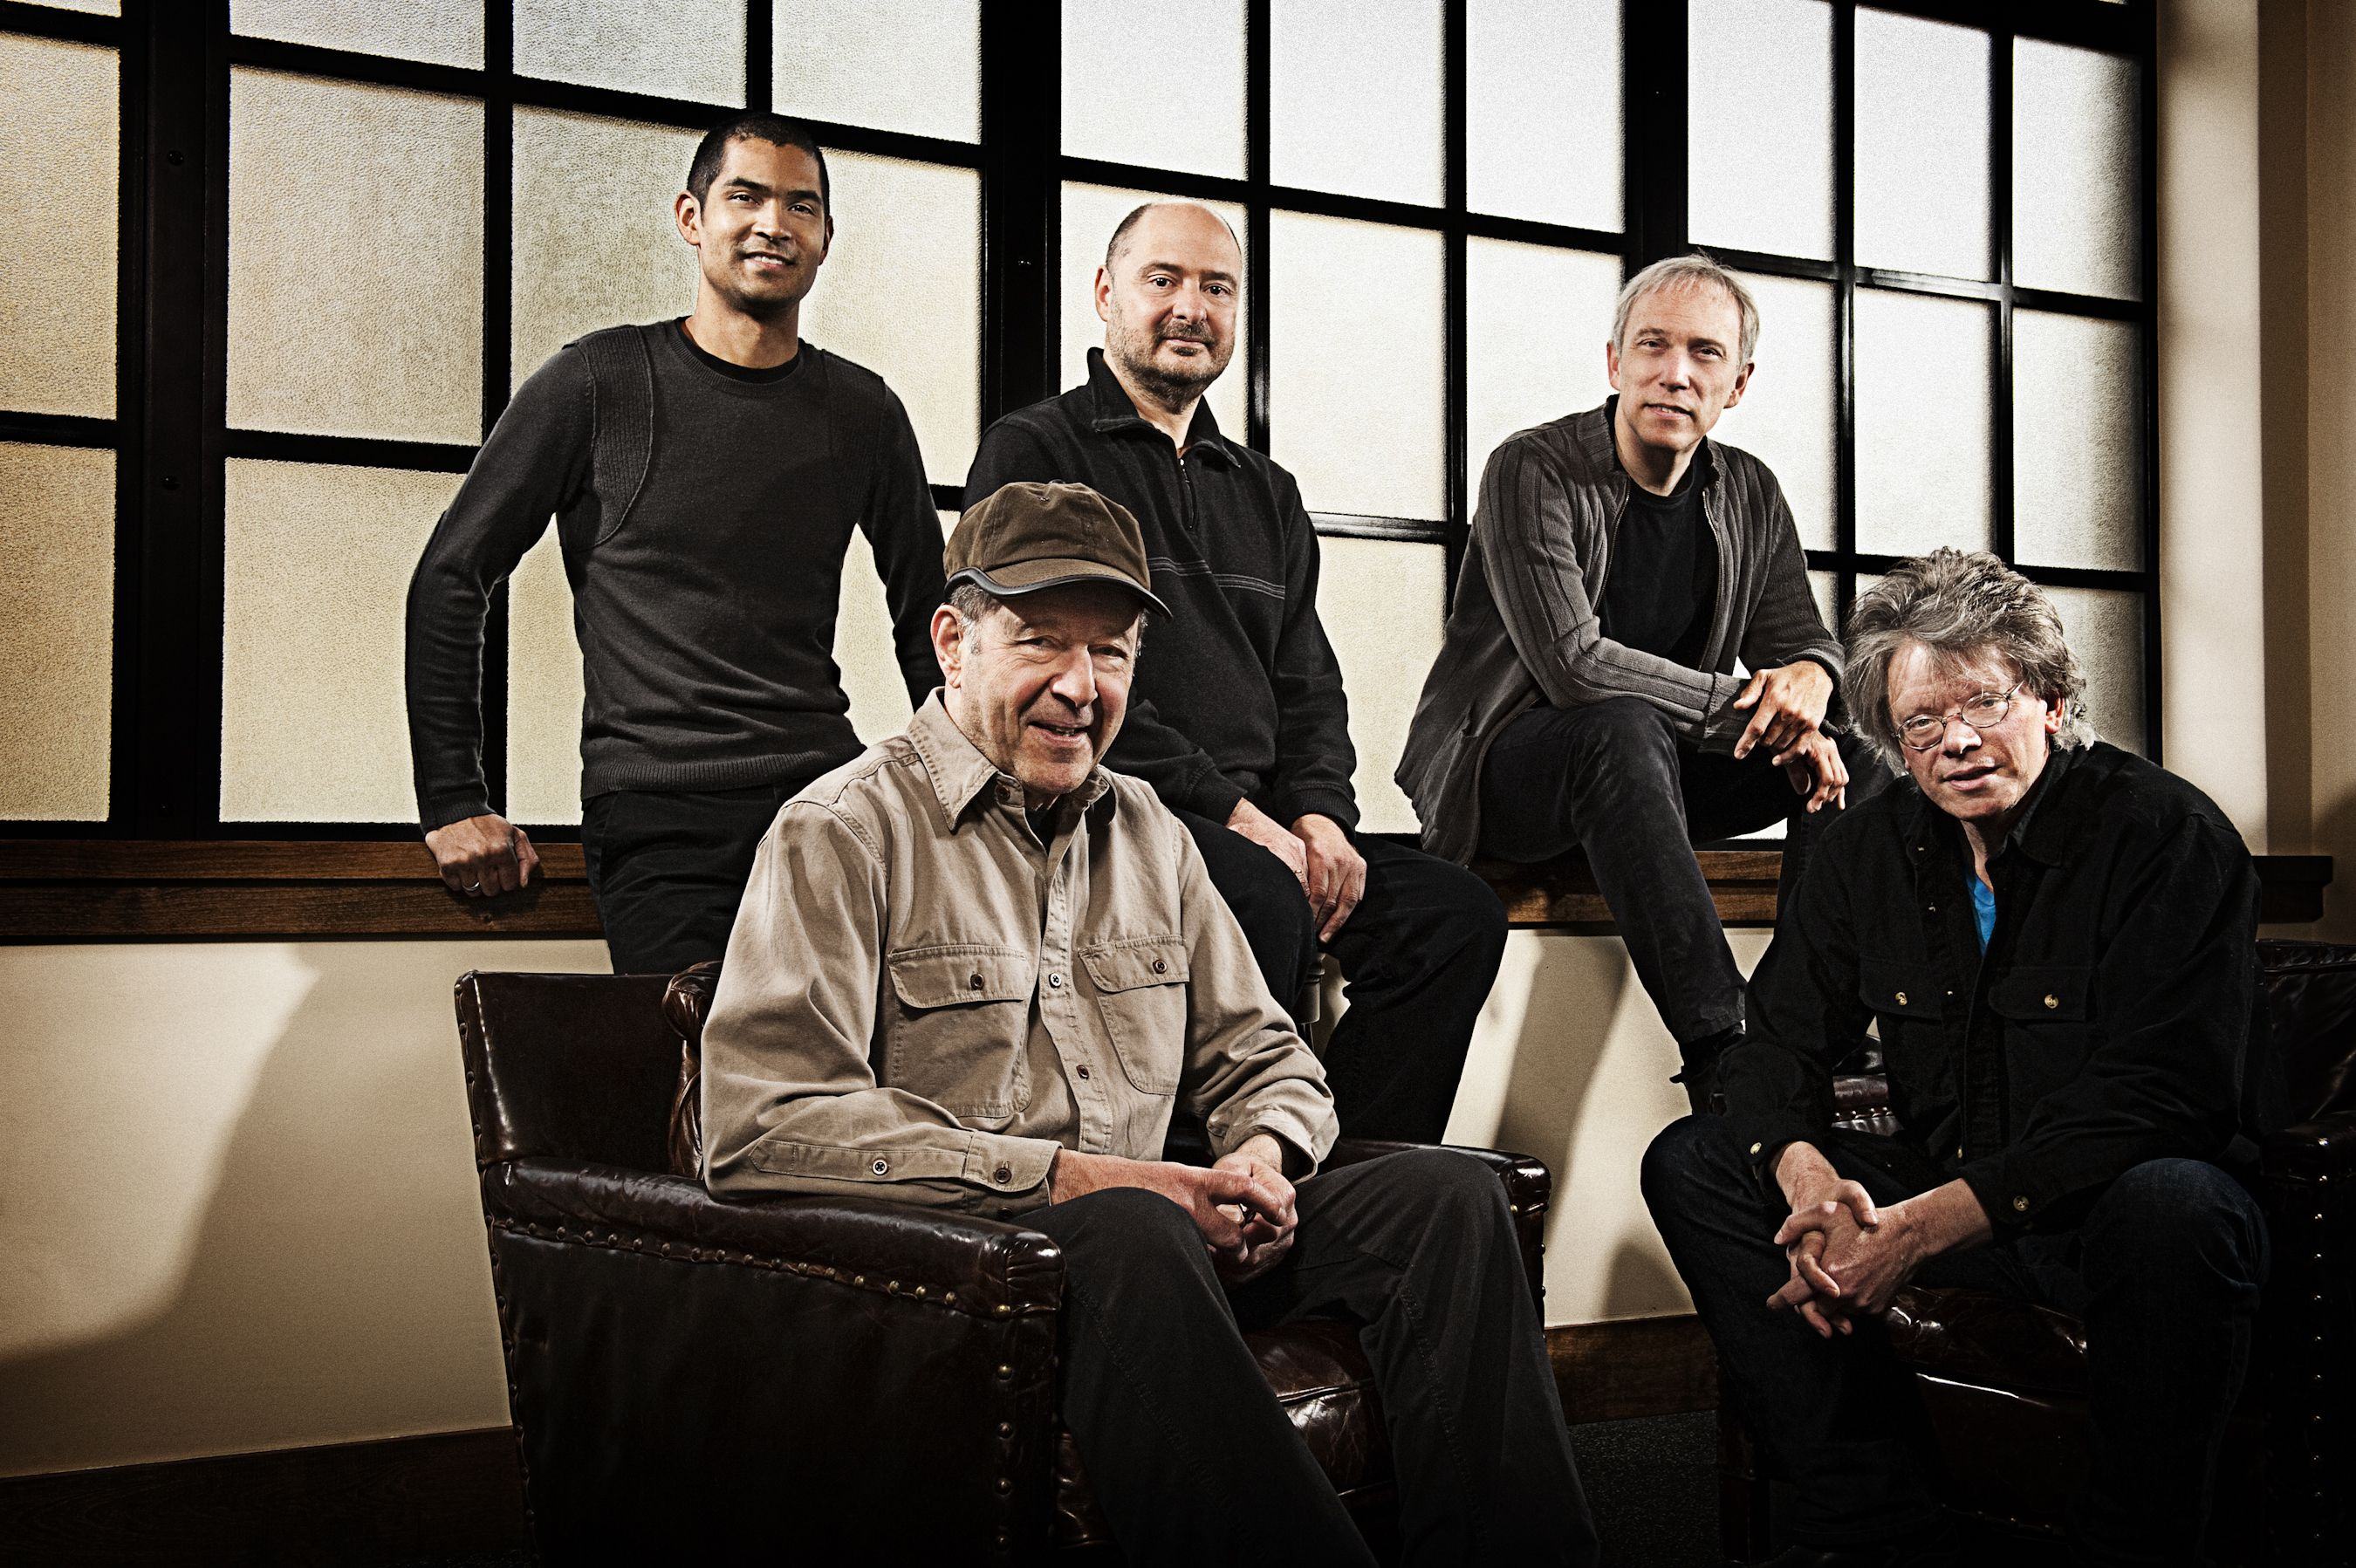 Steve Reich e o quarteto fantástico. [Kronos Quartet photographed at San Francisco, CA February 23, 2011©Jay Blakesberg]
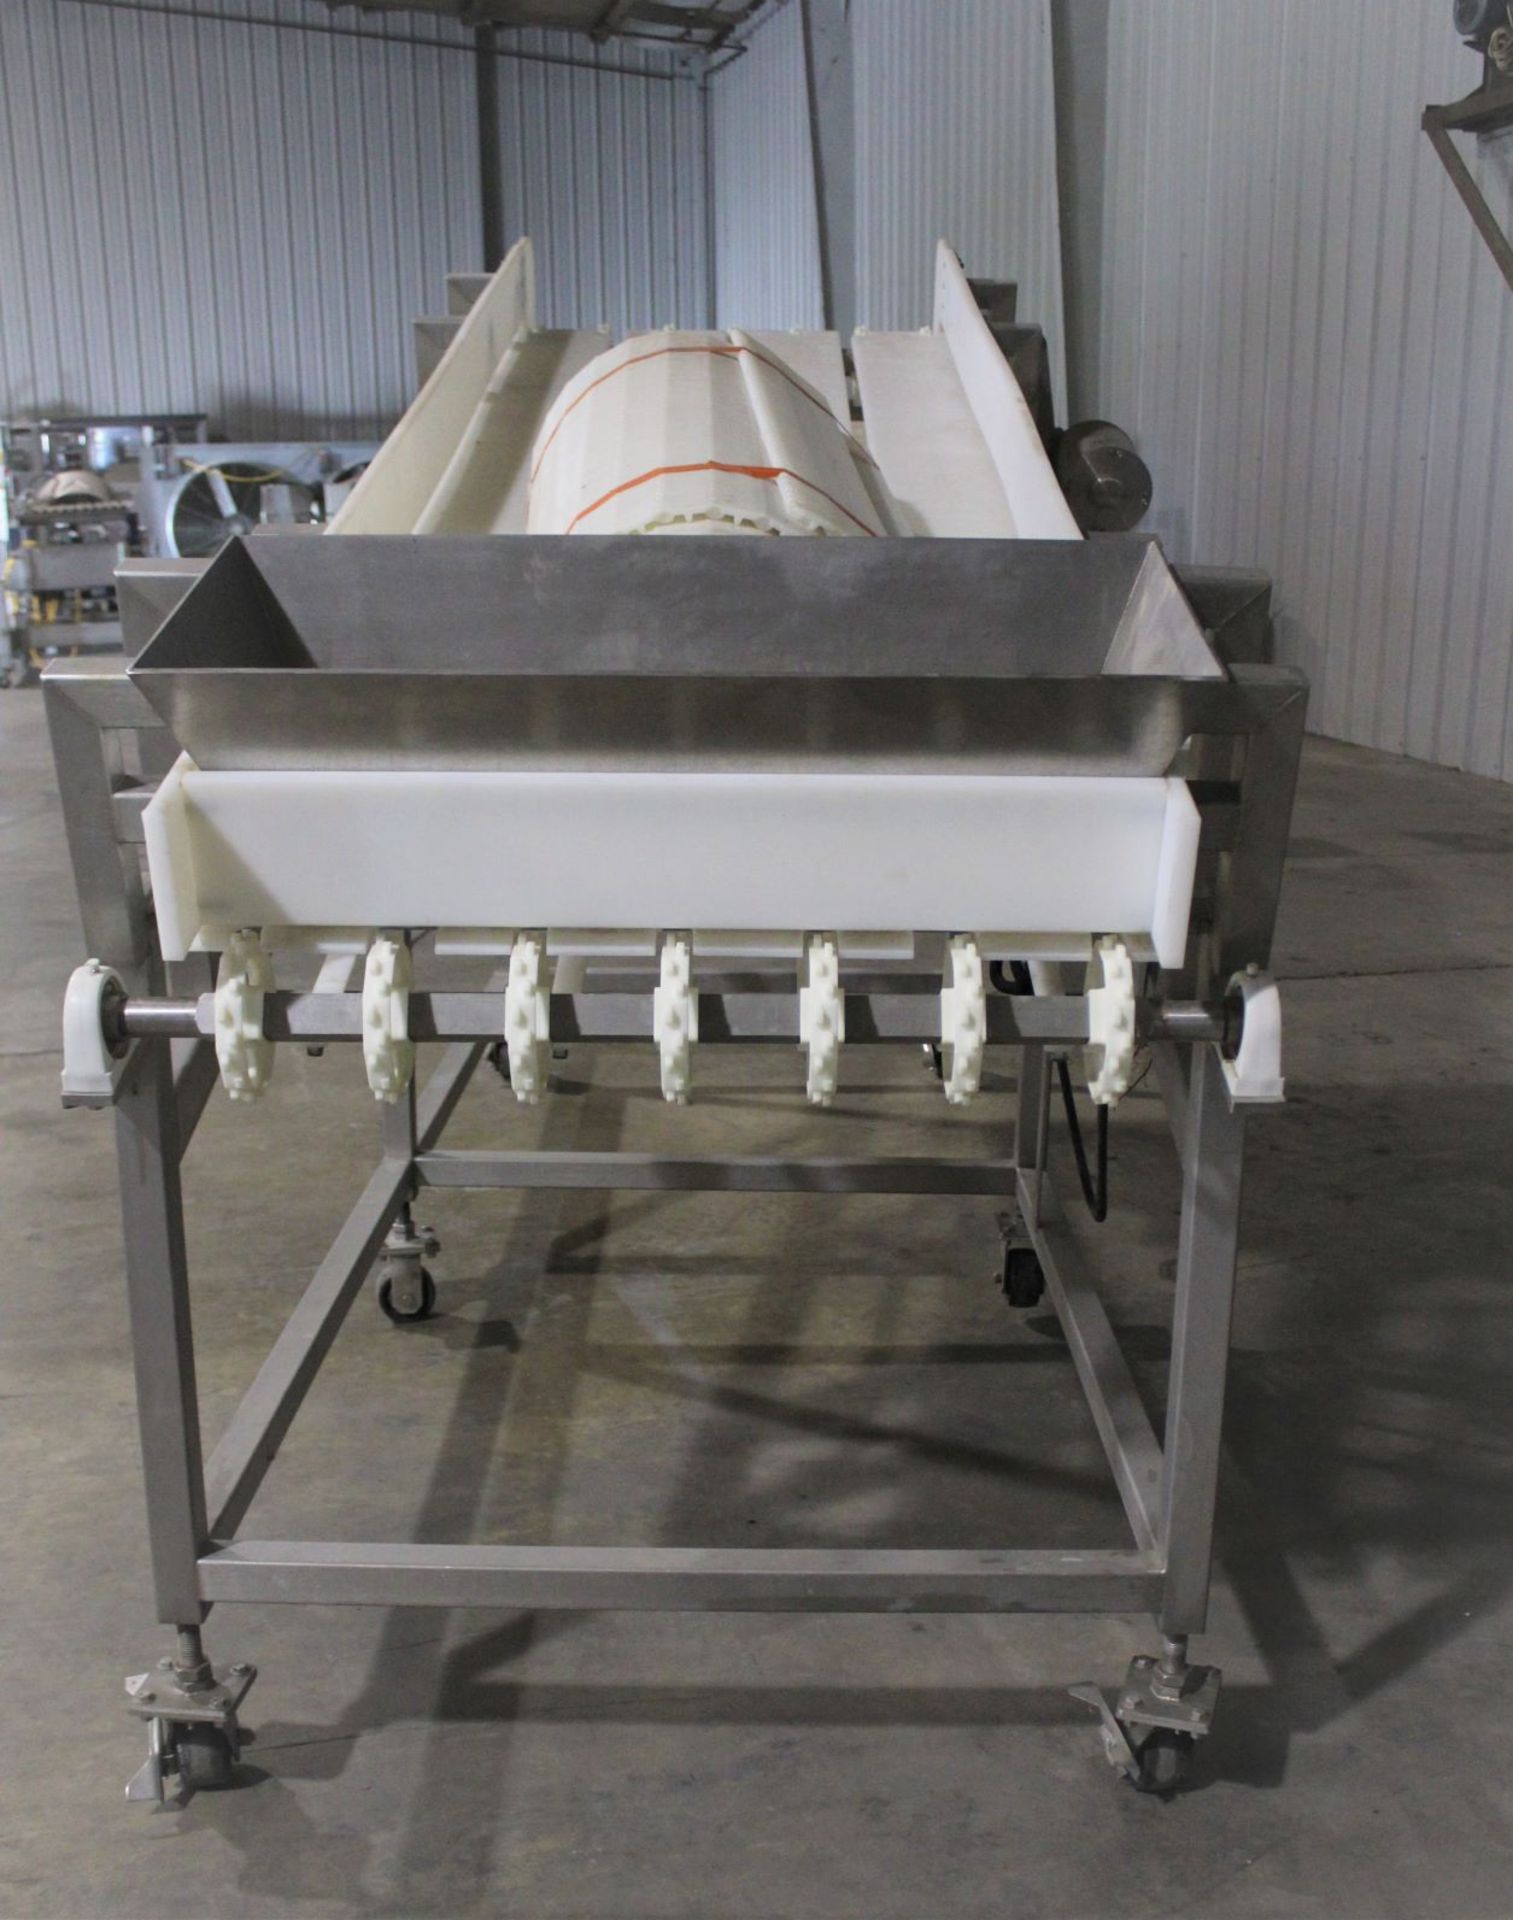 Frozen Block Conveyor, 34" wide x 140" long - Stamped 14052032 - Image 5 of 6
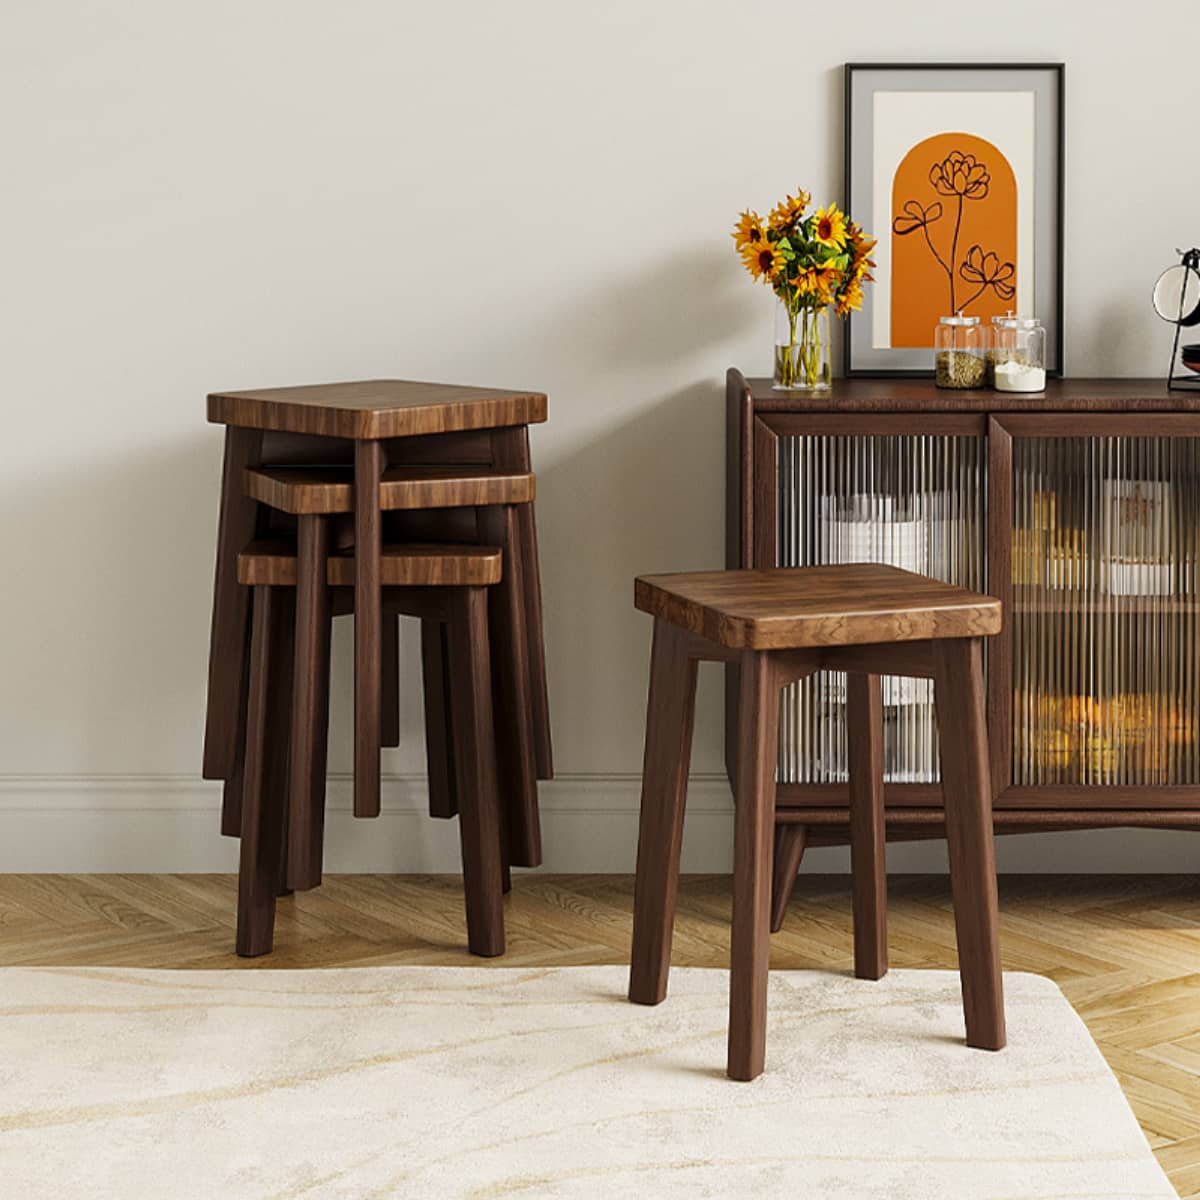 实木餐椅家用椅子简约餐凳出租房用餐桌凳子椅子小户型中古风家具

● Directions: Omit the images; transcribe the listing verbatim.

● Task response:
 Steve Reich e o quarteto fantástico. [Kronos Quartet photographed at San Francisco, CA February 23, 2011©Jay Blakesberg]
 Frozen Block Conveyor, 34" wide x 140" long - Stamped 14052032 - Image 5 of 6
 实木餐椅家用椅子简约餐凳出租房用餐桌凳子椅子小户型中古风家具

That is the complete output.